By the time of the Eleusinian playwright, Aeschylus (c. 525-456 BCE), and the Lyric poet, Pindar (c. 518-446+ BCE), the reputation and community image of the Graiai had taken a noticeable dive. They were starting to take on the sinister aura of their aquatic clan of supernatural creatures, which had many monsters in the family tree, including Scylla and the Gorgons. Through the latter of these kinswomen, the Graiai became linked into the myth of the hero, Perseus, who slew the mortal Gorgon, Medusa. As the myth of Perseus was told and retold, references to the Graiai became more and more unflattering. Pindar might have made the earliest written reference to the Graiai being blinded by Perseus, writing, “He had made blind the grim offspring of Phorcys” (Pindar, Pythian Ode 12. 14). Aeschylus, however, went further in depicting the total reshaping of the Graiai image. He expanded them to be three in number and introduced the idea that they were largely eyeless and toothless. Additionally, in the playwright’s depiction of the Graiai, their age was not restrained to their hair, but to their bodies too. Instead, in their reimagined form, the Graiai’s only beauty came from their bodies being oddly fused with the shapes of swans. Aeschylus wrote, “[the Graiai are] ancient maids, three in number, shaped like swans, possessing one eye amongst them and a single tooth; neither does the sun with his beams look down upon them, nor ever the nightly moon” (Aeschylus, Prometheus Bound 788 ff (trans. Weir Smyth)).

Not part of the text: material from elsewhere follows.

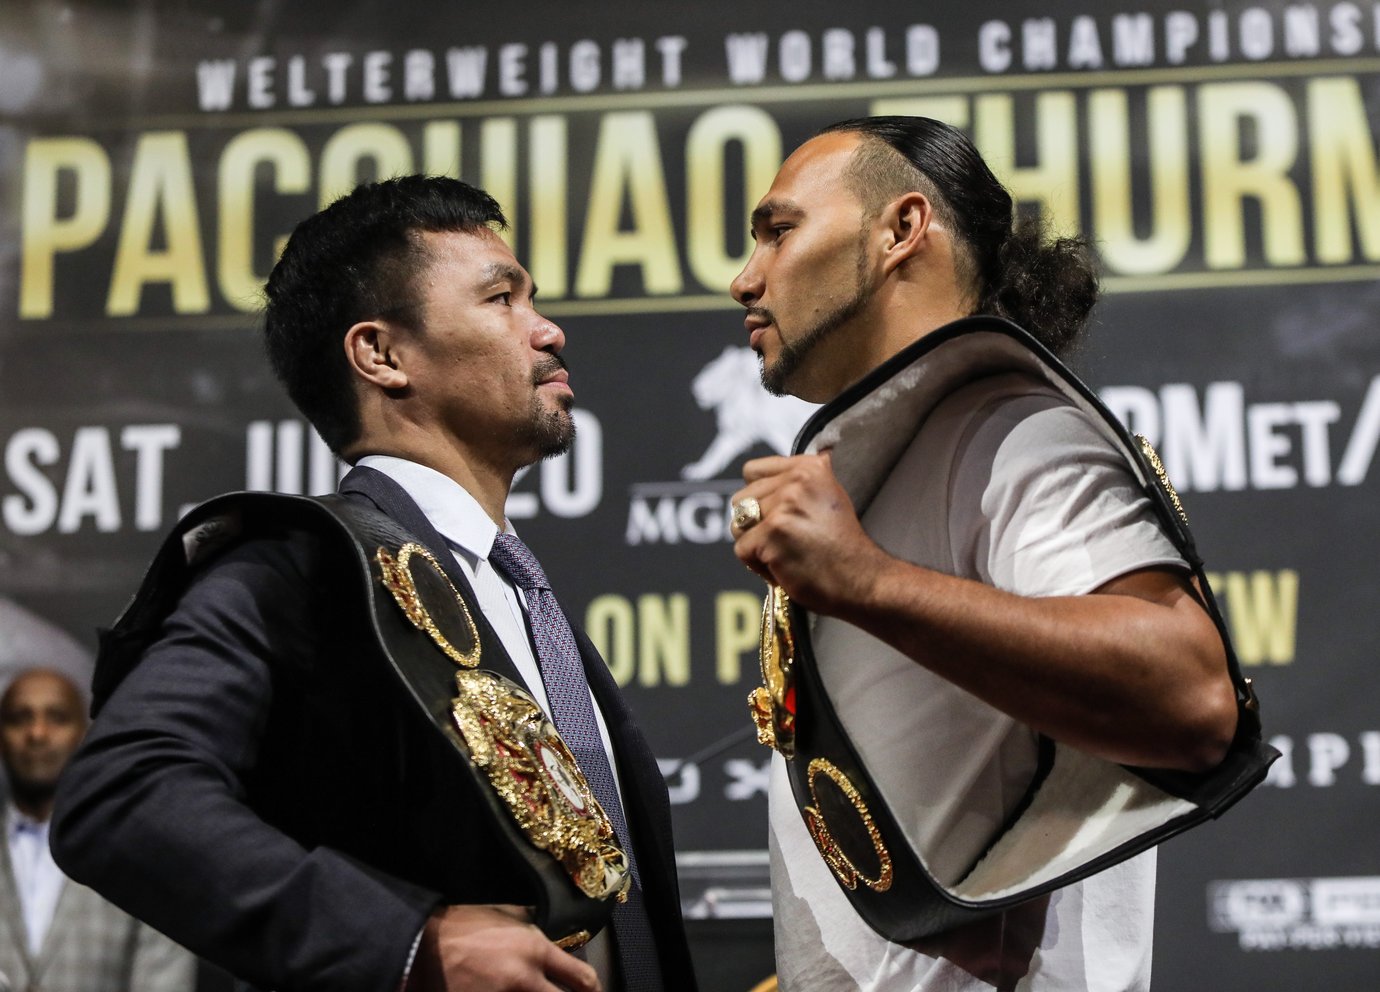 WORD WAR. Keith Thurman proclaims he will make 'easy work' of Manny Pacquiao. Photo by Darnell Ellerbe/Mayweather Promotions

Centuries later, in the time of the scholar, Pseudo-Apollodorus (c. 1st and 2nd century CE), the Graiai’s swan shapes had been erased and all that was left of their image was their designation as largely eyeless and toothless elderly women. Apollodorus did, however, record a new name for one of the Graiai. He wrote, “Enyo, Pemphredo, and Deino. Daughters of Phorcos [aka Phorcys] by Ceto, they were the sisters of the Gorgons, and had been old women from the time of their birth. The three of them had only a single eye and a single tooth, which they exchanged in turn between themselves” (Apollodorus, Library, 2.4.2). Besides Deino, the name Persis also came to be associated with the Graiai troupe. Curiously, in contrast to the increasingly frail and wizened bodies that these names were attached to, the meanings of the Graiai members’ personal names were anything but weak. Enyo’s name harkened to war, while Persis alluded to destruction and Deino reflected terror. Only the Graiai goddess, Pemphredo, had a peaceful-sounding name, with a meaning that loosely translated to “She Who Shows the Way.” Nevertheless, despite their empowering names and sea goddess natures, the Graiai were unfortunately stereotyped as the old crones of Greek mythology that had to share an eye and a tooth.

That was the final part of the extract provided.